Suspension 3D Printing of Liquid Metal into Self‐Healing Hydrogel

Abstract A new conceptual method termed as suspension 3D printing is demonstrated using self‐healing hydrogel support to create macroscopic structures of liquid metal that exhibits properties indicative of a nonprintable object. The relationships between the process parameters, supporting gel concentration, and the deposited microdroplet geometry are clarified. The smaller nozzle inner diameter, lower flow rate, and higher printing speed will lead to a smaller droplets size. The gel concentration plays a significant role on patterning the droplets space. The results presented can be applied to design the target feature and further optimize the input parameters.
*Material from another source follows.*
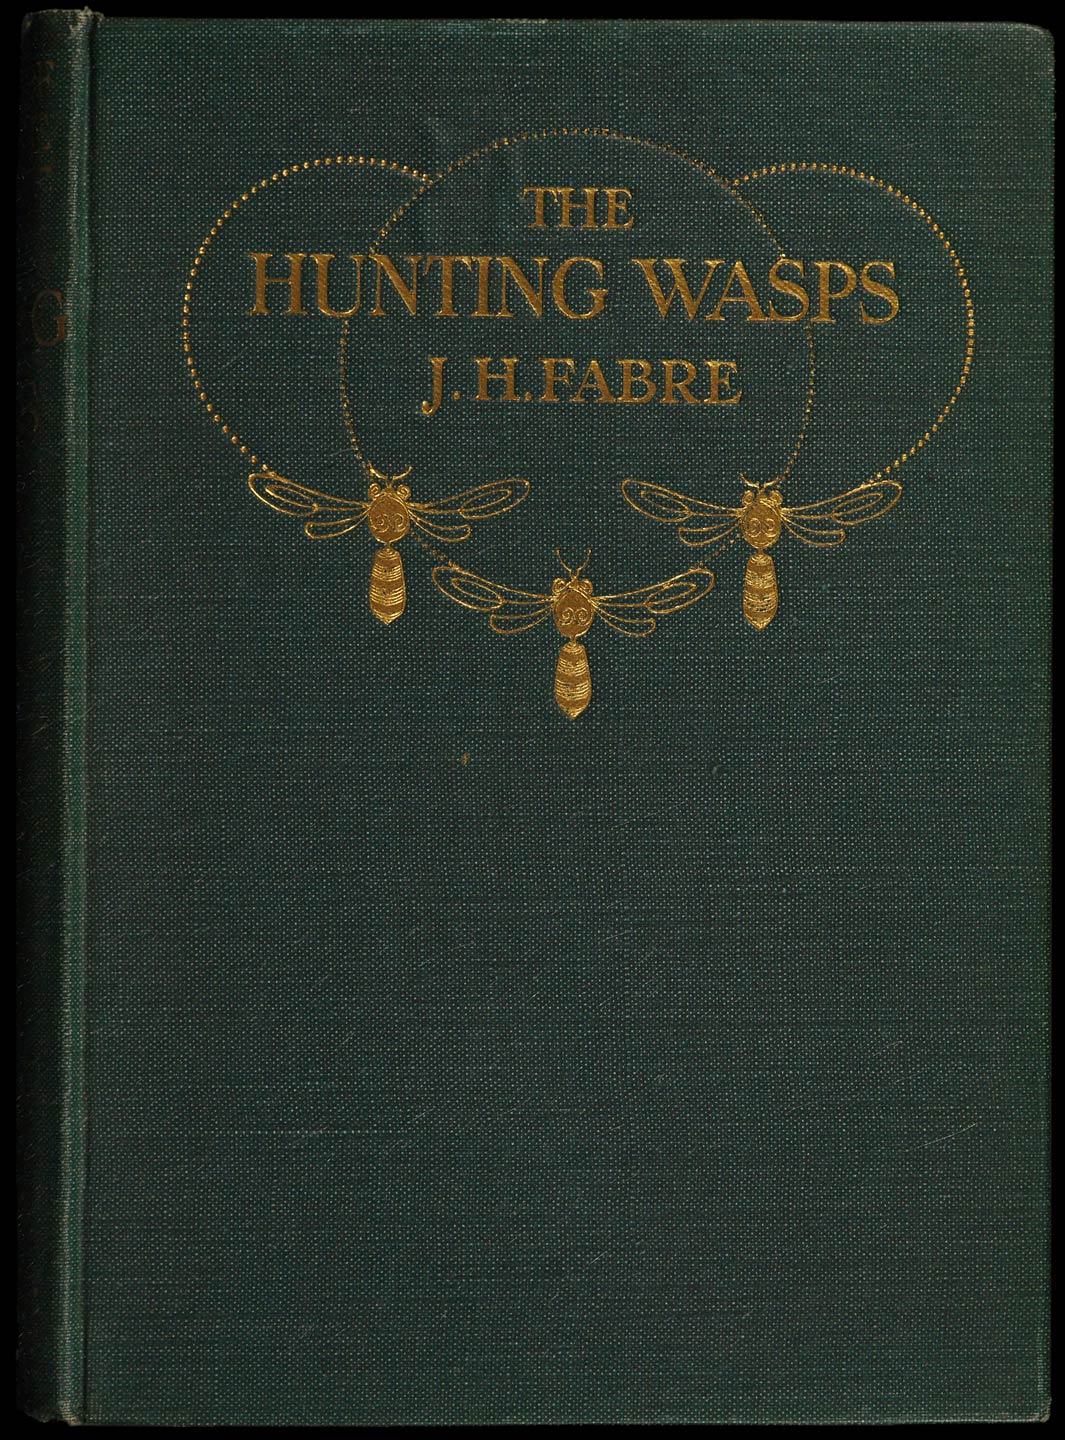 The hunting wasps

Besides, this paper also illustrates the capability and potential application of the method in constructing 3D macrostructures and stereo electronic systems using these liquid metal droplets. Based on this strategy, it is possible to print liquid metal into sophisticated multidimensional and shape transformable functional structures ignoring the effects of fluid instability, gravity, and surface tension. Furthermore, this work can help remove the limits of materials and technical barriers to enable a wide variety of materials to be printed into arbitrary shapes. It is expected that further practices of the methodology will facilitate the advancements in multiscale droplets generation, flexible electronics, encapsulation technologies, biology and medicine, etc.